Desmond Iain Catterall – reported director compensation:
| Component | 2023 | 2024 |
|---|---|---|
| Fees Earned or Paid in Cash ($) | $100,000 | $100,000 |
| Stock Awards ($) | $0 (none) | $0 (none) |
| Total ($) | $100,000 | $100,000 |
Performance Compensation
- Performance-based elements for director compensation: None disclosed (program comprises cash retainer; no annual director equity awards disclosed for 2023–2024).
| Item | 2023 | 2024 |
|---|---|---|
| Performance metrics tied to director pay | None disclosed | None disclosed |
| Director equity awards granted | None | None |
Other Directorships & Interlocks
| Company/Organization | Public/Private | Role | Period | Potential Interlock/Conflict with NFE |
|---|---|---|---|---|
| Cadiz Holdings Limited (JSE) | Public | Founding director | Not disclosed | None disclosed |
| Rand Merchant Bank | Private (bank) | Head of Equities; Mgmt Board member | 2003–2008 | None disclosed |
| Thynk Capital | Private | Founding member | Not disclosed | None disclosed |
| Kirkham Capital | Private | CEO/Principal | 2009–present | None disclosed |
No other current U.S.-listed public company directorships are disclosed for Catterall.

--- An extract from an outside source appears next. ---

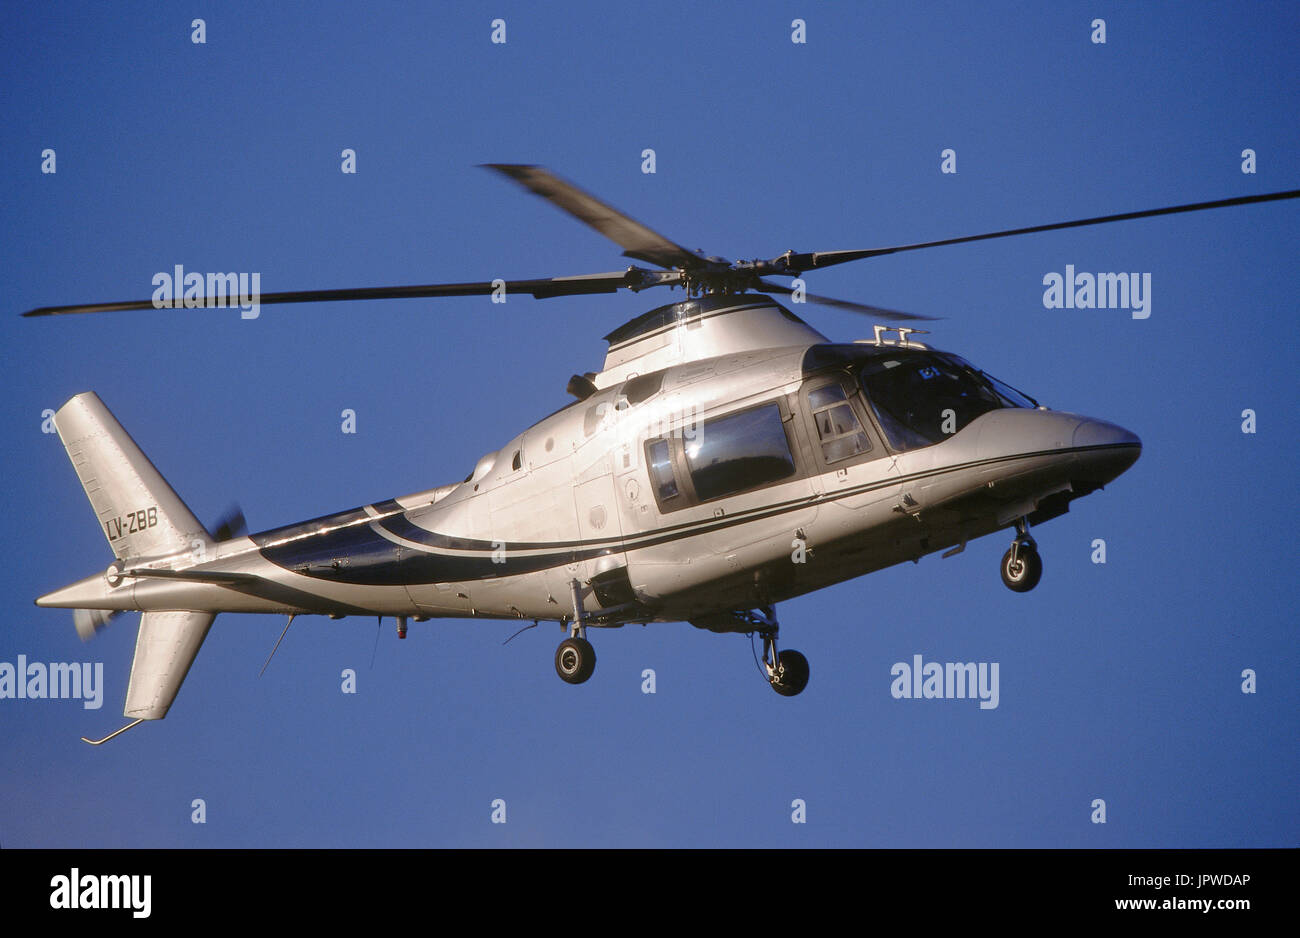 Agista A109C flying enroute Stock Photo

Expertise & Qualifications
- Emerging markets and capital markets expertise from leadership roles in South African financial institutions and investment businesses.

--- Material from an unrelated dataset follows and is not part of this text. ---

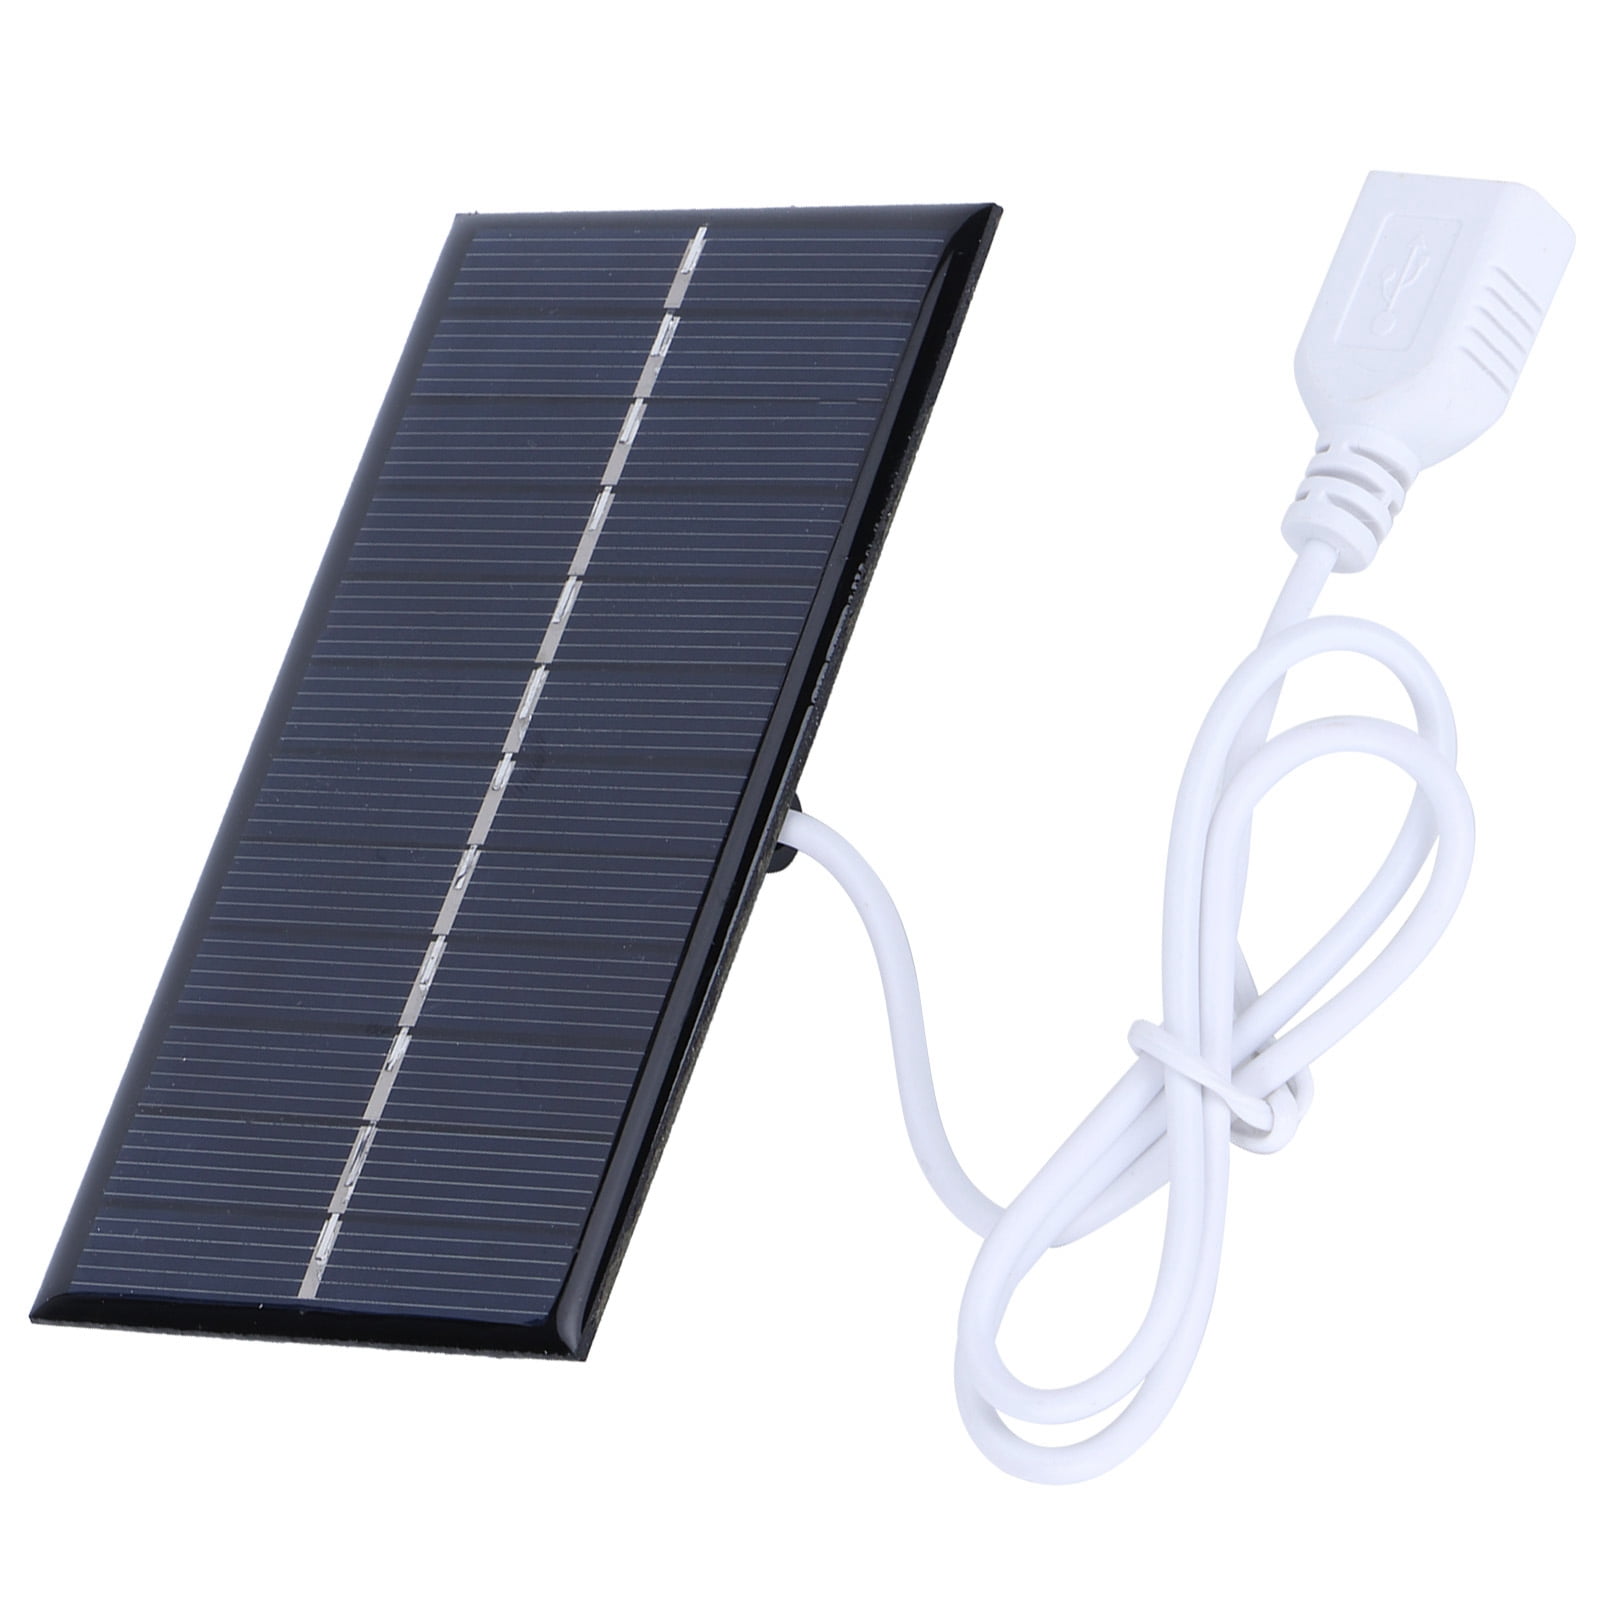 Keenso 4.2W 18V Polycrystalline Silicon Solar Panel Power Panel Solar Charging Power Board High Conversion Rate

- Board-relevant skills: financial services, equities leadership, investment committee experience.
- Education: Bachelor of Commerce, University of Natal (Durban).
Equity Ownership
- Beneficial ownership as of April 28, 2025: 73,000 shares; less than 1% of class.
- Beneficial ownership as of April 15, 2024: 73,000 shares; less than 1% of class.
- Unvested director equity: none outstanding as of Dec 31, 2024 for non-employee directors.
- Hedging/pledging policy: Company insider trading policy prohibits hedging/margining/pledging of company securities by insiders, subject to narrow exceptions and prior approval. No pledging or hedging by Catterall is disclosed.
| Metric | 2024 (as of Apr 15) | 2025 (as of Apr 28) |
|---|---|---|
| Shares beneficially owned (#) | 73,000 | 73,000 |
| % of shares outstanding | Less than 1.0% | Less than 1.0% |
| Unvested director equity awards | None | None |
Governance Assessment
- Independence and tenure: Independent since 2019; tenure ~6+ years enhances continuity and institutional memory for an energy infrastructure company.
- Committee roles: Not serving on Audit or Compensation committees; absence from key committees may limit direct influence on oversight levers. Audit and Compensation committees are chaired/manned by other independent directors.
- Attendance: Meets minimum expectations (≥75%); however, directors did not attend the annual meetings in 2023 or 2024, a modest engagement concern.
- Ownership alignment: Holds 73,000 shares; no director equity grants outstanding; alignment primarily via open-market holdings rather than ongoing director equity awards. Company prohibits hedging/pledging—positive alignment safeguard.
- Pay structure: Simple, cash-only retainer; no director equity grants in 2023–2024—reduces dilution and complexity but also limits long-term equity alignment relative to peers that grant RSUs/DSUs to directors.
- Governance environment risks (context, not tied to Catterall personally):
- CEO serves as Chair with no Lead Independent Director; can centralize power.
- Extensive related-party transactions with founder affiliates (aircraft charters, administrative services, historical HQ lease), though none involve Catterall.
- Shareholders’ Agreement provides founder-affiliated entities designation rights for Board seats; potential entrenchment risk, though Board remains majority independent.
- Shareholder feedback: 2024 say-on-pay passed with ~99.5% approval, indicating strong investor support for compensation practices; subsequent establishment of an independent Compensation Committee in late 2024 is positive.
RED FLAGS to monitor: lack of Lead Independent Director; founder-affiliate related-party transactions (not involving Catterall but relevant to overall governance posture); continued absence from annual meeting attendance (engagement optics); concentration of designation rights via the Shareholders’ Agreement.